Türkiye bugün, ne tamamen Batı'ya angaje, ne Rusya'ya yaslanan, ne de bölgesel yalnızlığı kabul eden bir çizgide yürüyor. Bu, yüksek riskli ama yüksek getirili bir denge siyaseti. Elbette önündeki tehlikeler çok büyük, mesela, ekonomik yaptırım tehditlerinin geri dönmesi, Suriye ve Ege'de eş zamanlı kriz, vekil aktörler üzerinden yıpratma stratejileri, çok cepheli askeri baskılar devreye girebilir.
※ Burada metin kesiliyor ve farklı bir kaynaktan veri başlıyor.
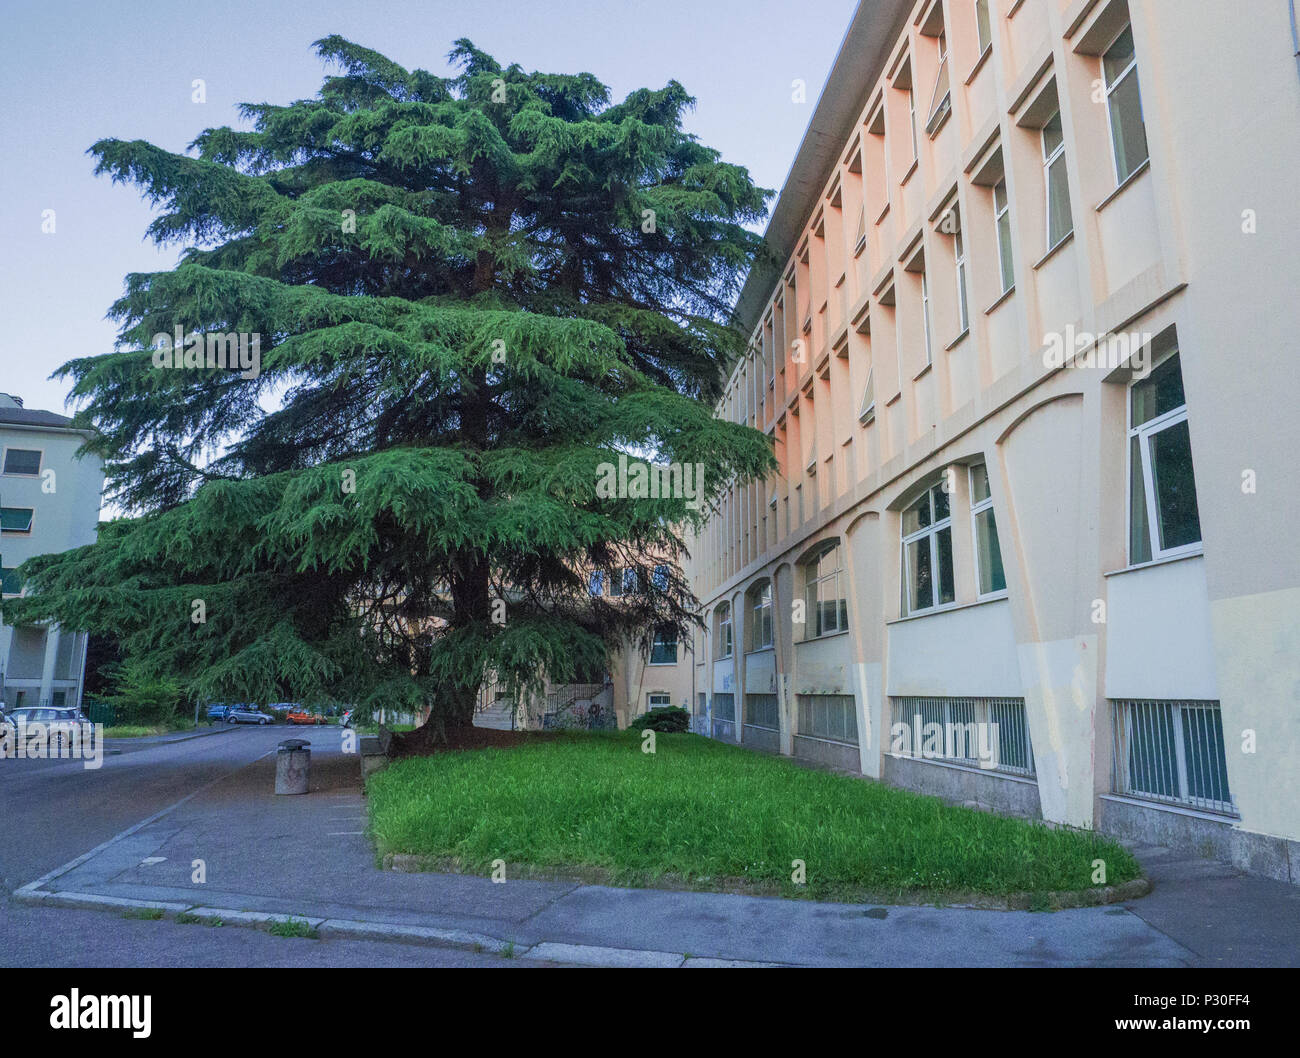 Magnifique arbre monumental à l'entrée d'une école secondaire en Lombardie, Italie Banque D'Images

Ama aynı zamanda da önünde büyük fırsatlar var. Mesela arabuluculuk rolünün kalıcılaşması, enerji ve ticaret yollarında merkez ülke olma, NATO ve AB içinde vazgeçilmez ama bağımsız aktör konumu... İşte Türkiye'nin stratejik sabırı da bu yüzden.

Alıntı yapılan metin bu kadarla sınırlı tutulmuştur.